Common errors include over‑mixing the batter (which makes muffins tough), using too much milk (resulting in a runny batter), undercooking the sausage, and skipping the cooling step before freezing, which can cause ice crystals and soggy muffins.

technical
Q

Why does this recipe use equal parts cornmeal and flour instead of all‑cornmeal?

A

Mixing cornmeal with all‑purpose flour lightens the texture, giving the muffins a tender crumb while still delivering the classic corn flavor. Pure cornmeal can produce a denser, crumbly result that doesn’t rise as well.

technical
Q

Can I make Cornbread Sausage and Egg Muffins ahead of time and how should I store them?

A

Yes. After baking, let the muffins cool completely, then place them in a single layer on a tray to freeze for 30 minutes. Transfer to a freezer‑safe bag and store up to 3 months. Reheat directly from frozen in the microwave (30‑45 seconds) or oven (350°F, 10 minutes).

technical
Q

What texture and appearance should I look for when the Cornbread Sausage and Egg Muffins are done?

A

The tops should be a deep golden‑brown, slightly crisp, and a toothpick inserted into the center should come out clean.

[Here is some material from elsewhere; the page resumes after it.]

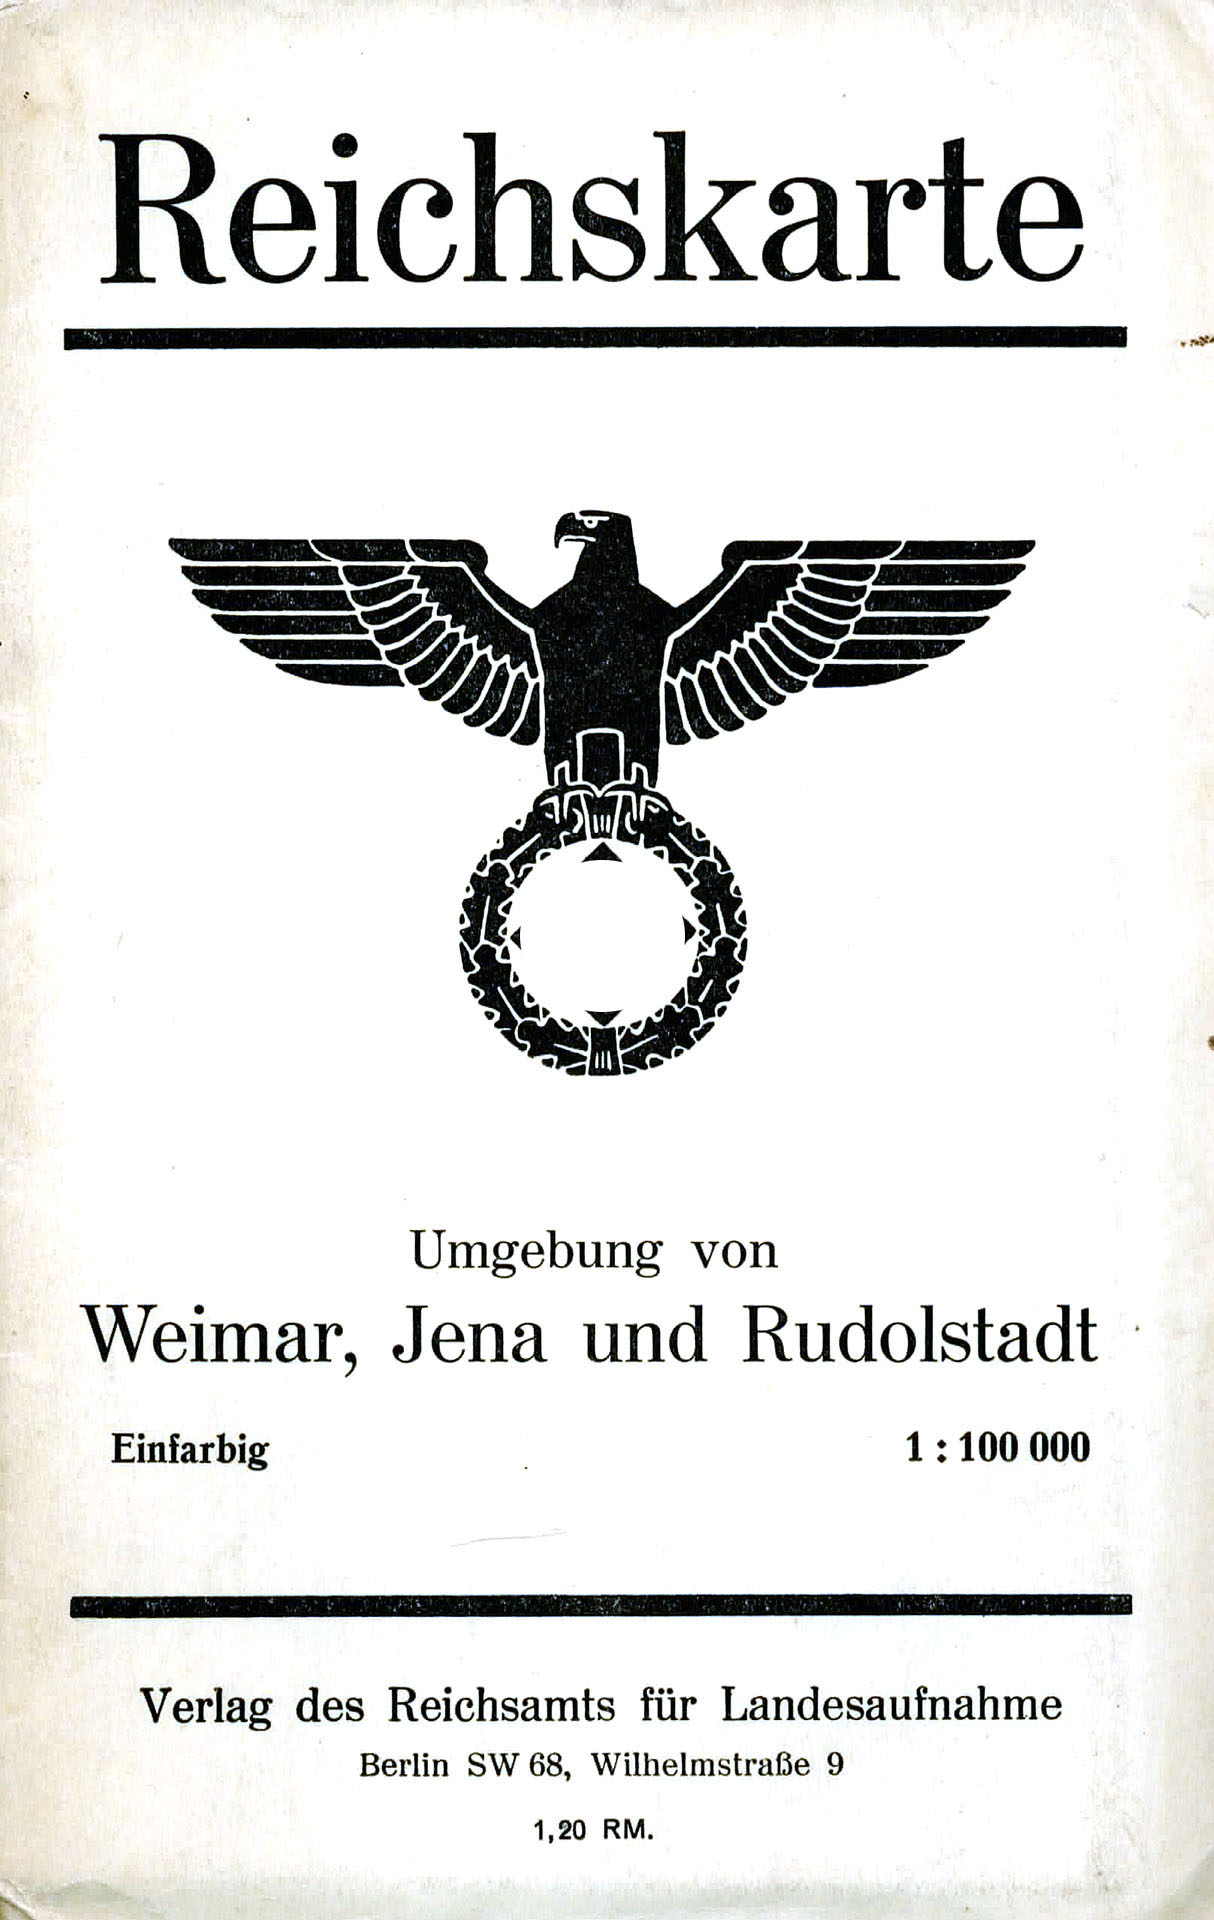 Reichskarte - Umgebung von Weimar, Jena und Rudolstadt

The interior should be moist, fluffy, and studded with visible bits of sausage, corn, and cheese.

technical
Q

What does the YouTube channel Becoming a Farm Girl specialize in?

A

The YouTube channel Becoming a Farm Girl, hosted by Cassandra, focuses on homesteading skills, low‑waste cooking, garden-to‑table recipes, and practical meal‑prep ideas for small‑space living, emphasizing seasonal ingredients and sustainable practices.

channel
Q

How does the YouTube channel Becoming a Farm Girl's approach to American comfort food differ from other cooking channels?

A

Becoming a Farm Girl emphasizes using pantry staples, minimizing waste, and adapting recipes to what’s on hand, often substituting ingredients and scaling batches for freezer storage. This pragmatic, farm‑to‑table mindset sets it apart from more polished, ingredient‑specific channels.